Task goal –
Down to the last line, repeat the entries exactly.

Records shown –
□ □ □ □
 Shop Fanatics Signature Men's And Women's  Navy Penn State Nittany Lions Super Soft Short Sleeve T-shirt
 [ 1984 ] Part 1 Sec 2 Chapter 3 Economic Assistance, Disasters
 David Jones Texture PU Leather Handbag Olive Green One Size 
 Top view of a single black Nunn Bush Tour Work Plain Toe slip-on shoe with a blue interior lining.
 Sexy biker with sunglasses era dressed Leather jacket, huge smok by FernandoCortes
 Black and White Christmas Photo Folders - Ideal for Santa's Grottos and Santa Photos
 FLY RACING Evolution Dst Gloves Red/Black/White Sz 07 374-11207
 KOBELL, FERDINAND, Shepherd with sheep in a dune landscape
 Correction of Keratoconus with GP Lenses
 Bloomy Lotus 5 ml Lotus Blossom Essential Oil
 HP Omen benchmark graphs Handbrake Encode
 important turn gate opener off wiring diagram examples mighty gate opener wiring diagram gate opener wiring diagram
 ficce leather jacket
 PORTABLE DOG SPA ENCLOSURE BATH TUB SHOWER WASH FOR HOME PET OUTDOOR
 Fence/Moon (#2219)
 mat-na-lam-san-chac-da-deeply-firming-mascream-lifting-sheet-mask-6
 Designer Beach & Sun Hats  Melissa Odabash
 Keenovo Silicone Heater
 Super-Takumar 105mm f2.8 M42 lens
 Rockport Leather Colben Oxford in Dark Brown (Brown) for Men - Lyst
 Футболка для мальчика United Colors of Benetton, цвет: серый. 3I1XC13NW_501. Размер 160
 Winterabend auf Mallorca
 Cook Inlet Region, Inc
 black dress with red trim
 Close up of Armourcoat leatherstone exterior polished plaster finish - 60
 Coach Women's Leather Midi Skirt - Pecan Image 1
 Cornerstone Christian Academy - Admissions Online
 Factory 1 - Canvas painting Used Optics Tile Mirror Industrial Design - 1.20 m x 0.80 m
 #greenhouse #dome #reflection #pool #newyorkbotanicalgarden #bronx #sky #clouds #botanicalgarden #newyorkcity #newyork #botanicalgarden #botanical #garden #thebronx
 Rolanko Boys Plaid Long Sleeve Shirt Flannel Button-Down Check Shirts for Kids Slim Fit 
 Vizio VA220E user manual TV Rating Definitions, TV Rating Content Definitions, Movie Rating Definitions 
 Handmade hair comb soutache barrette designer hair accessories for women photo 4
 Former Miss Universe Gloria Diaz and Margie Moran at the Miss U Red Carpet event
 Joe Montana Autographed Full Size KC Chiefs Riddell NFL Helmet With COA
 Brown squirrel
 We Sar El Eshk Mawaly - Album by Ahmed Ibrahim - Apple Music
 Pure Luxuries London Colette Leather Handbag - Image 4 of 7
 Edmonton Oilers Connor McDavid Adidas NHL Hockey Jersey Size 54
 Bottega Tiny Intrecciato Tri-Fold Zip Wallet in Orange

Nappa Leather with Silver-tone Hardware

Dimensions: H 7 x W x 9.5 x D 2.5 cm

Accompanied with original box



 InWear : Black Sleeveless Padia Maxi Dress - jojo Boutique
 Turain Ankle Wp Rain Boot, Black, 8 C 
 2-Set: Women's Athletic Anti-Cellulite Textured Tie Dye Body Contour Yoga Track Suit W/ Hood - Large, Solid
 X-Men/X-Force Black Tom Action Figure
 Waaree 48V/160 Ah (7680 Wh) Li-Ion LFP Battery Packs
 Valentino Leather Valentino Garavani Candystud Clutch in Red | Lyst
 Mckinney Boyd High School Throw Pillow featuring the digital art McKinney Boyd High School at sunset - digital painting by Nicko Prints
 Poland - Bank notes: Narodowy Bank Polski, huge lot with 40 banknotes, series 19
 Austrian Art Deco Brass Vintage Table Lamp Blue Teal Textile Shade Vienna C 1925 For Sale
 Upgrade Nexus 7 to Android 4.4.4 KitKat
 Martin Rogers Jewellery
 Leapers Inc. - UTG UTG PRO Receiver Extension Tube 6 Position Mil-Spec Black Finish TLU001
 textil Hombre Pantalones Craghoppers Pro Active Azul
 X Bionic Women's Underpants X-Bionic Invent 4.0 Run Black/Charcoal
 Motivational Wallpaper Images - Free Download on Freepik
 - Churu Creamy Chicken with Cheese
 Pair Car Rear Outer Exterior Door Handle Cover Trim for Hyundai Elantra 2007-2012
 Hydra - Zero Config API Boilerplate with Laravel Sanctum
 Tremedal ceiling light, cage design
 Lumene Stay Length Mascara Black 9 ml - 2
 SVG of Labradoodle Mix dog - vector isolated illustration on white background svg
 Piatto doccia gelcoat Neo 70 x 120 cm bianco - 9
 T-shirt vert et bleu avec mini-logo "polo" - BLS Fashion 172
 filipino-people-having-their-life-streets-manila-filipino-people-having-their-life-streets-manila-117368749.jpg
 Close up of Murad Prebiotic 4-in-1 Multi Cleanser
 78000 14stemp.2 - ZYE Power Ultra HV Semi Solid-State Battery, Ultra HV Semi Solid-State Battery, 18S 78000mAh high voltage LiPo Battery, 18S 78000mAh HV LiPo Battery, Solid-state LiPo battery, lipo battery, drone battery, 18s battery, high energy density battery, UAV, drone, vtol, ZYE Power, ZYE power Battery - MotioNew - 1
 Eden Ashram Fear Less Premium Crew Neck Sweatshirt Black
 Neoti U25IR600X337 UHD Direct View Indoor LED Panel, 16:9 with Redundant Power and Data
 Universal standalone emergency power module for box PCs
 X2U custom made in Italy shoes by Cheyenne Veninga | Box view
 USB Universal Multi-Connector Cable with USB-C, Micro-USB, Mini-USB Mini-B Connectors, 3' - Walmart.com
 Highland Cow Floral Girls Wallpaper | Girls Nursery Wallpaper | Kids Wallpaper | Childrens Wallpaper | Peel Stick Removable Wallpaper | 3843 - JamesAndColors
□ □ □ □
Task response –
 Shop Fanatics Signature Men's And Women's  Navy Penn State Nittany Lions Super Soft Short Sleeve T-shirt
 [ 1984 ] Part 1 Sec 2 Chapter 3 Economic Assistance, Disasters
 David Jones Texture PU Leather Handbag Olive Green One Size 
 Top view of a single black Nunn Bush Tour Work Plain Toe slip-on shoe with a blue interior lining.
 Sexy biker with sunglasses era dressed Leather jacket, huge smok by FernandoCortes
 Black and White Christmas Photo Folders - Ideal for Santa's Grottos and Santa Photos
 FLY RACING Evolution Dst Gloves Red/Black/White Sz 07 374-11207
 KOBELL, FERDINAND, Shepherd with sheep in a dune landscape
 Correction of Keratoconus with GP Lenses
 Bloomy Lotus 5 ml Lotus Blossom Essential Oil
 HP Omen benchmark graphs Handbrake Encode
 important turn gate opener off wiring diagram examples mighty gate opener wiring diagram gate opener wiring diagram
 ficce leather jacket
 PORTABLE DOG SPA ENCLOSURE BATH TUB SHOWER WASH FOR HOME PET OUTDOOR
 Fence/Moon (#2219)
 mat-na-lam-san-chac-da-deeply-firming-mascream-lifting-sheet-mask-6
 Designer Beach & Sun Hats  Melissa Odabash
 Keenovo Silicone Heater
 Super-Takumar 105mm f2.8 M42 lens
 Rockport Leather Colben Oxford in Dark Brown (Brown) for Men - Lyst
 Футболка для мальчика United Colors of Benetton, цвет: серый. 3I1XC13NW_501. Размер 160
 Winterabend auf Mallorca
 Cook Inlet Region, Inc
 black dress with red trim
 Close up of Armourcoat leatherstone exterior polished plaster finish - 60
 Coach Women's Leather Midi Skirt - Pecan Image 1
 Cornerstone Christian Academy - Admissions Online
 Factory 1 - Canvas painting Used Optics Tile Mirror Industrial Design - 1.20 m x 0.80 m
 #greenhouse #dome #reflection #pool #newyorkbotanicalgarden #bronx #sky #clouds #botanicalgarden #newyorkcity #newyork #botanicalgarden #botanical #garden #thebronx
 Rolanko Boys Plaid Long Sleeve Shirt Flannel Button-Down Check Shirts for Kids Slim Fit 
 Vizio VA220E user manual TV Rating Definitions, TV Rating Content Definitions, Movie Rating Definitions 
 Handmade hair comb soutache barrette designer hair accessories for women photo 4
 Former Miss Universe Gloria Diaz and Margie Moran at the Miss U Red Carpet event
 Joe Montana Autographed Full Size KC Chiefs Riddell NFL Helmet With COA
 Brown squirrel
 We Sar El Eshk Mawaly - Album by Ahmed Ibrahim - Apple Music
 Pure Luxuries London Colette Leather Handbag - Image 4 of 7
 Edmonton Oilers Connor McDavid Adidas NHL Hockey Jersey Size 54
 Bottega Tiny Intrecciato Tri-Fold Zip Wallet in Orange

Nappa Leather with Silver-tone Hardware

Dimensions: H 7 x W x 9.5 x D 2.5 cm

Accompanied with original box



 InWear : Black Sleeveless Padia Maxi Dress - jojo Boutique
 Turain Ankle Wp Rain Boot, Black, 8 C 
 2-Set: Women's Athletic Anti-Cellulite Textured Tie Dye Body Contour Yoga Track Suit W/ Hood - Large, Solid
 X-Men/X-Force Black Tom Action Figure
 Waaree 48V/160 Ah (7680 Wh) Li-Ion LFP Battery Packs
 Valentino Leather Valentino Garavani Candystud Clutch in Red | Lyst
 Mckinney Boyd High School Throw Pillow featuring the digital art McKinney Boyd High School at sunset - digital painting by Nicko Prints
 Poland - Bank notes: Narodowy Bank Polski, huge lot with 40 banknotes, series 19
 Austrian Art Deco Brass Vintage Table Lamp Blue Teal Textile Shade Vienna C 1925 For Sale
 Upgrade Nexus 7 to Android 4.4.4 KitKat
 Martin Rogers Jewellery
 Leapers Inc. - UTG UTG PRO Receiver Extension Tube 6 Position Mil-Spec Black Finish TLU001
 textil Hombre Pantalones Craghoppers Pro Active Azul
 X Bionic Women's Underpants X-Bionic Invent 4.0 Run Black/Charcoal
 Motivational Wallpaper Images - Free Download on Freepik
 - Churu Creamy Chicken with Cheese
 Pair Car Rear Outer Exterior Door Handle Cover Trim for Hyundai Elantra 2007-2012
 Hydra - Zero Config API Boilerplate with Laravel Sanctum
 Tremedal ceiling light, cage design
 Lumene Stay Length Mascara Black 9 ml - 2
 SVG of Labradoodle Mix dog - vector isolated illustration on white background svg
 Piatto doccia gelcoat Neo 70 x 120 cm bianco - 9
 T-shirt vert et bleu avec mini-logo "polo" - BLS Fashion 172
 filipino-people-having-their-life-streets-manila-filipino-people-having-their-life-streets-manila-117368749.jpg
 Close up of Murad Prebiotic 4-in-1 Multi Cleanser
 78000 14stemp.2 - ZYE Power Ultra HV Semi Solid-State Battery, Ultra HV Semi Solid-State Battery, 18S 78000mAh high voltage LiPo Battery, 18S 78000mAh HV LiPo Battery, Solid-state LiPo battery, lipo battery, drone battery, 18s battery, high energy density battery, UAV, drone, vtol, ZYE Power, ZYE power Battery - MotioNew - 1
 Eden Ashram Fear Less Premium Crew Neck Sweatshirt Black
 Neoti U25IR600X337 UHD Direct View Indoor LED Panel, 16:9 with Redundant Power and Data
 Universal standalone emergency power module for box PCs
 X2U custom made in Italy shoes by Cheyenne Veninga | Box view
 USB Universal Multi-Connector Cable with USB-C, Micro-USB, Mini-USB Mini-B Connectors, 3' - Walmart.com
 Highland Cow Floral Girls Wallpaper | Girls Nursery Wallpaper | Kids Wallpaper | Childrens Wallpaper | Peel Stick Removable Wallpaper | 3843 - JamesAndColors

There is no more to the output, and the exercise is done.